(PROVIDED INFORMATION begins)
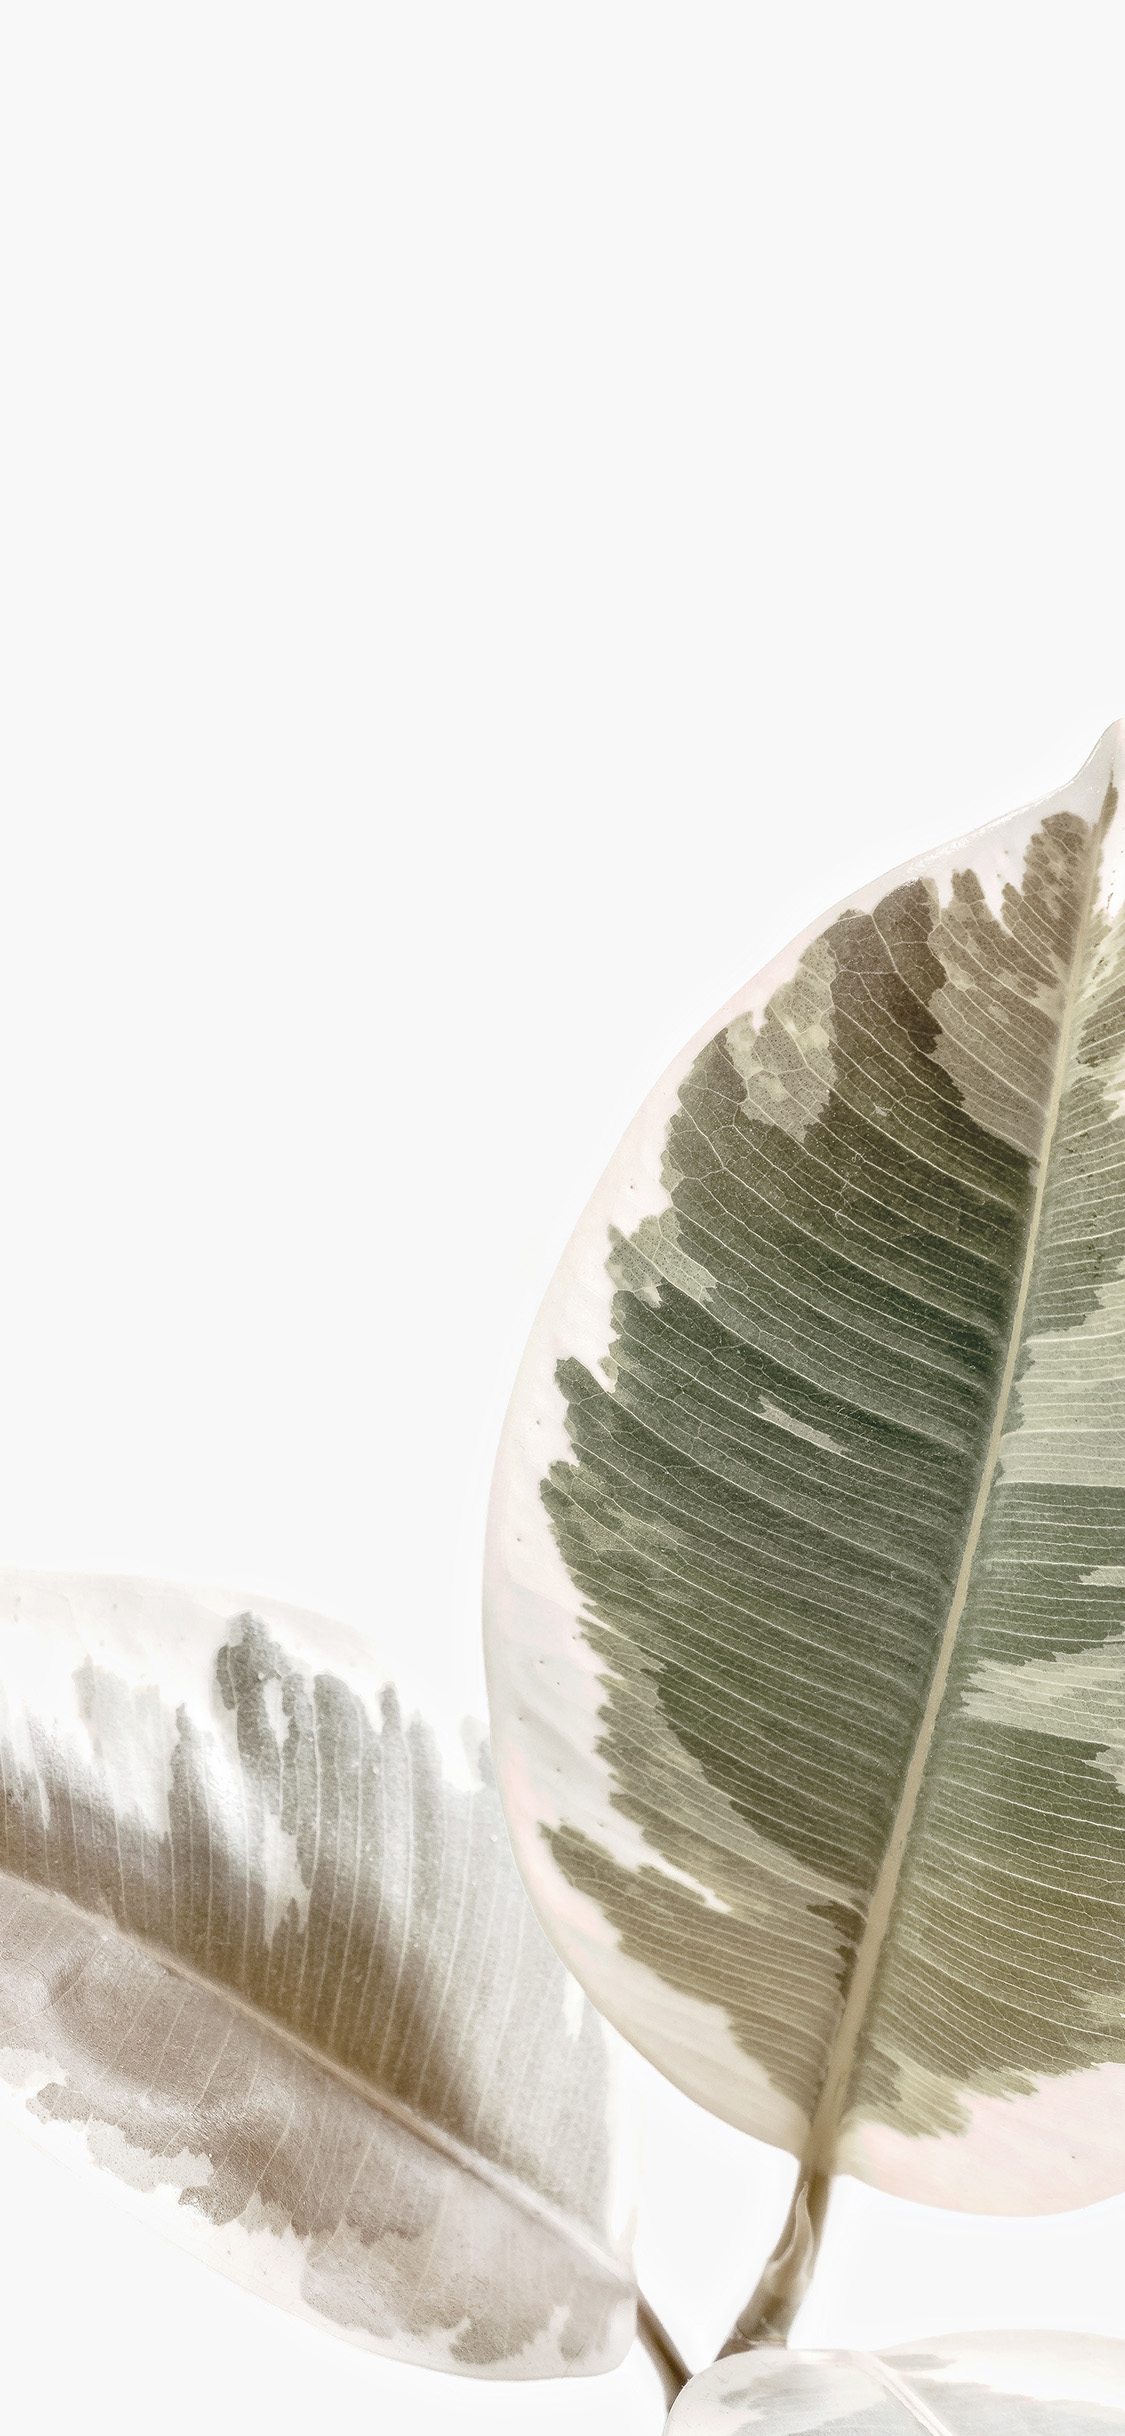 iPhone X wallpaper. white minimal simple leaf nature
(PROVIDED INFORMATION ends)
(PROVIDED INFORMATION begins)
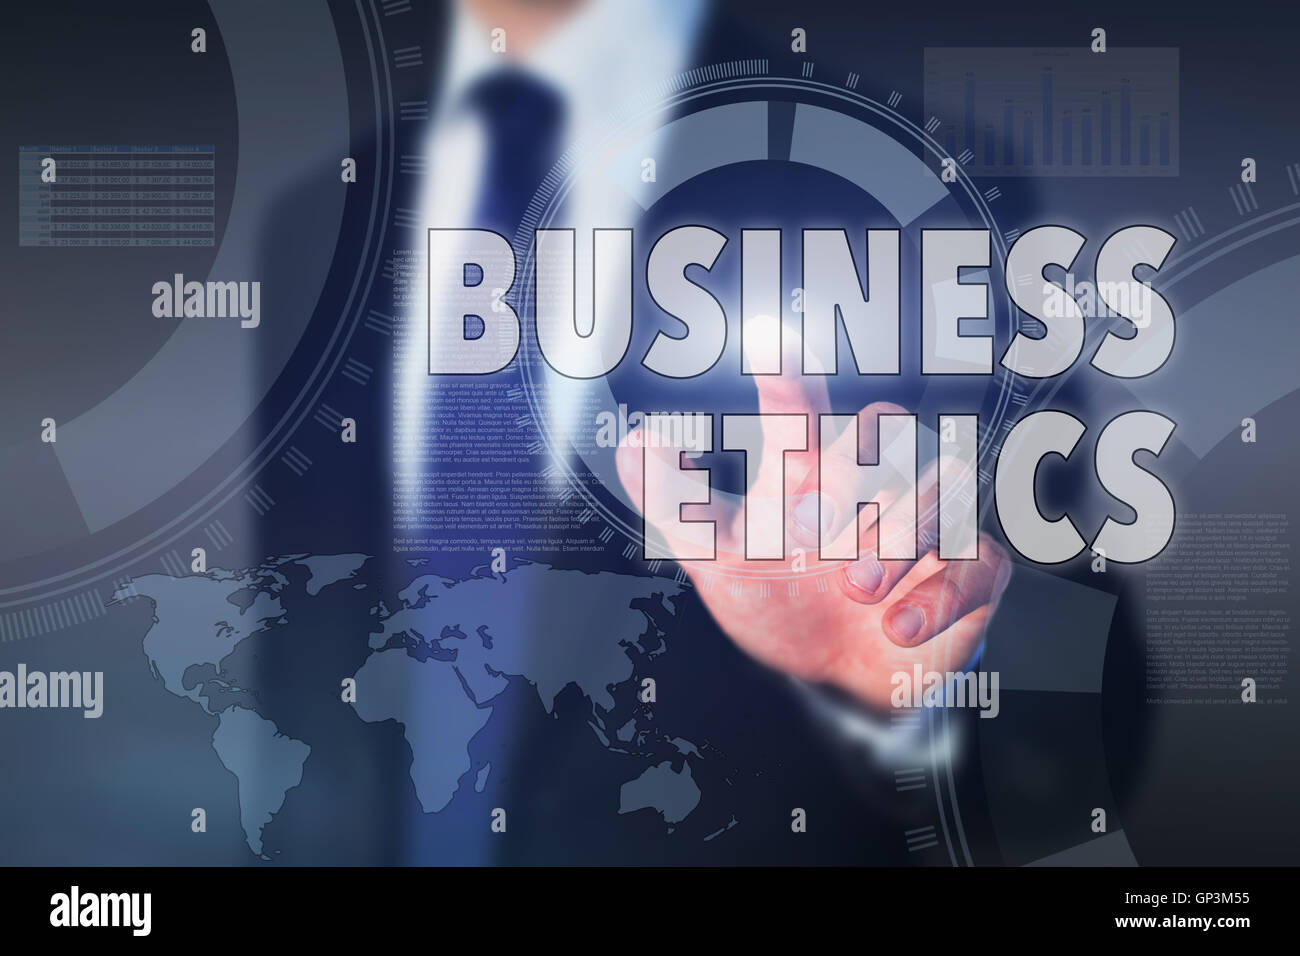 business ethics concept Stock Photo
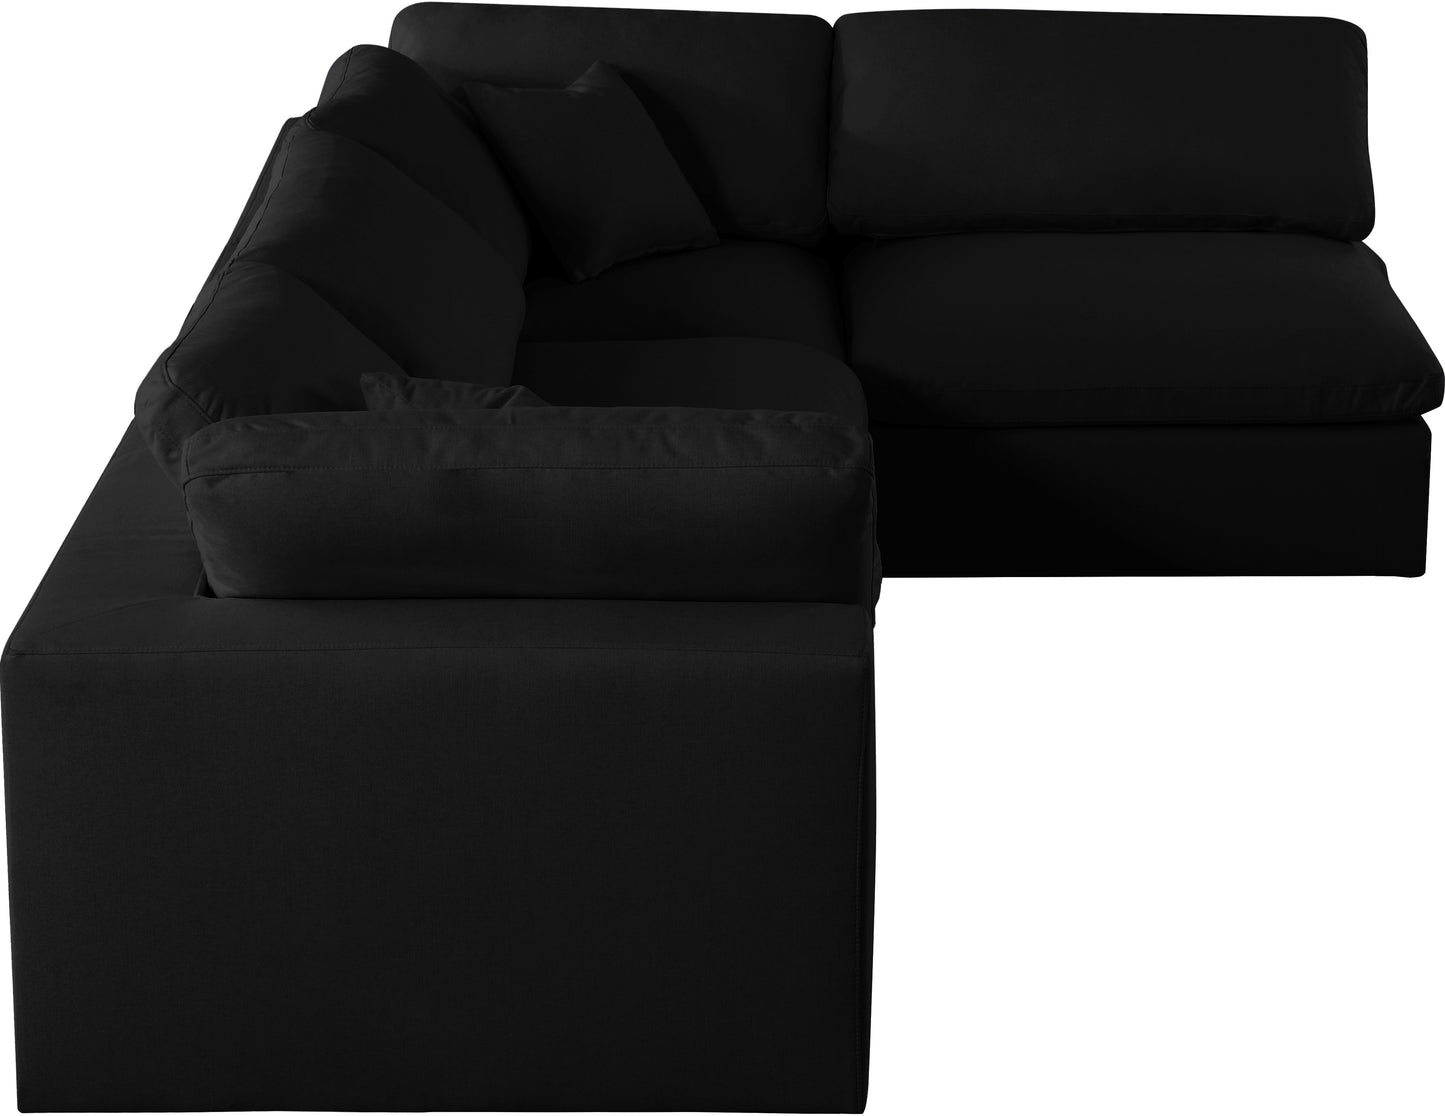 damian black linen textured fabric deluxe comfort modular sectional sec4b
(PROVIDED INFORMATION ends)
WHAT TO PRODUCE.
In the entries above, every line from the line with "business ethics concept Stock Photo" to the line with "damian black linen" is to be printed exactly, with both ends included and pictures excluded.

RESPONSE.
 business ethics concept Stock Photo
 damian black linen textured fabric deluxe comfort modular sectional sec4b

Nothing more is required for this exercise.